If not, try all sums of two numbers (there are N-choose-two, or N*(N-1)/2 in each set). Compare them against the collection of single-number and two-number sums.
If no joy, try all sums of three numbers, comparing them against 1, 2 or 3-number sums; and so on until all sums (2**N for a set of size N) have been tried.
Here's working code that stops searching as soon as it finds a solution. (There might be smaller sums with the same number of summands). It's in python, but that's practically pseudo-code :-)

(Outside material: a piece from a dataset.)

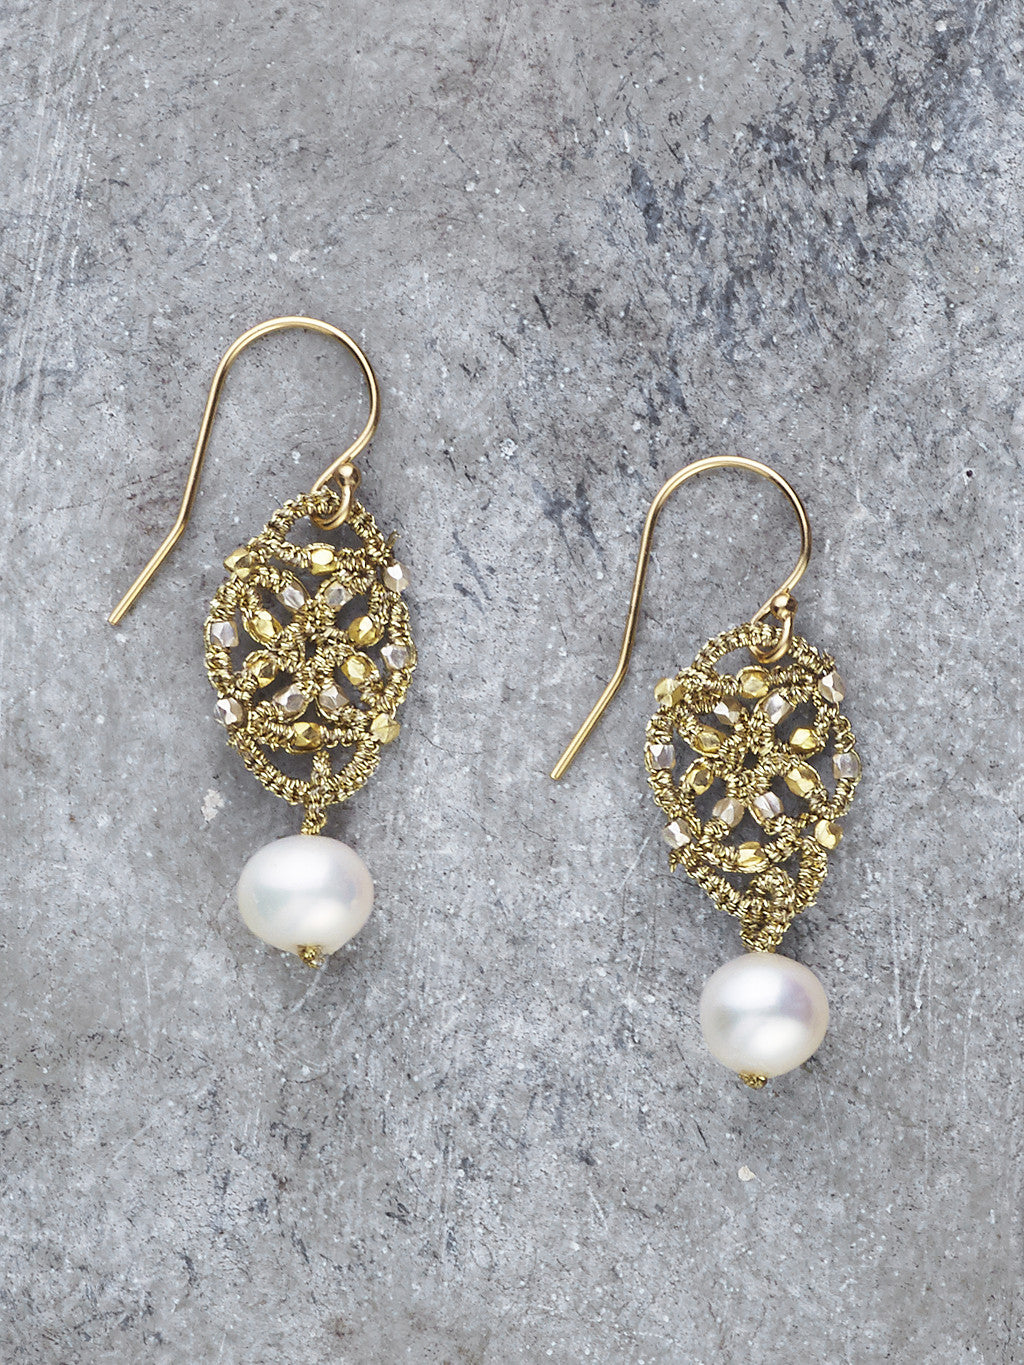 Danielle Welmond Woven Gold Thread Pearl Earrings

from itertools import combinations
# To allow lists of different sizes: ensure list1 is never the short one
if len(list1) < len(list2):
list1, list2 = list2, list1
def found(val, dict1, dict2):
print "Sum:", val
print "Sum 1", dict1[val]
print "Sum 2", dict2[val]
def findsum(list1, list2):
# Each dict has sums as keys and lists of summands as values.
# We start with length 1:
dict1 = dict()
dict2 = dict()
for n in range(1, max(len(list1), len(list2))+1):
# Check all size n sums from list1 against size < n sums in list2
for nums in combinations(list1, n):
s = sum(nums)
if s in dict1: # Is this sum new for our list?
continue
dict1[s] = nums
if s in dict2:
found(s, dict1, dict2)
return # If you want to look for a smallest sum, keep going
# If list2 is too short, nothing to do
if len(list2) < n:
continue
# Check all size n sums from list2 against size <= n sums in list1
for nums in combinations(list2, n):
s = sum(nums)
if s in dict2: # Is this sum new for our list?
continue
dict2[s] = nums
if s in dict1:
found(s, dict1, dict2)
return # If you want to look for a smallest sum, keep going
findsum(list1, list2)
This is designed to find a solution in the smallest number of comparisons. If you also want the sum to be minimal, then at each size n generate all n-part sums at once, sort them and check them in increasing order.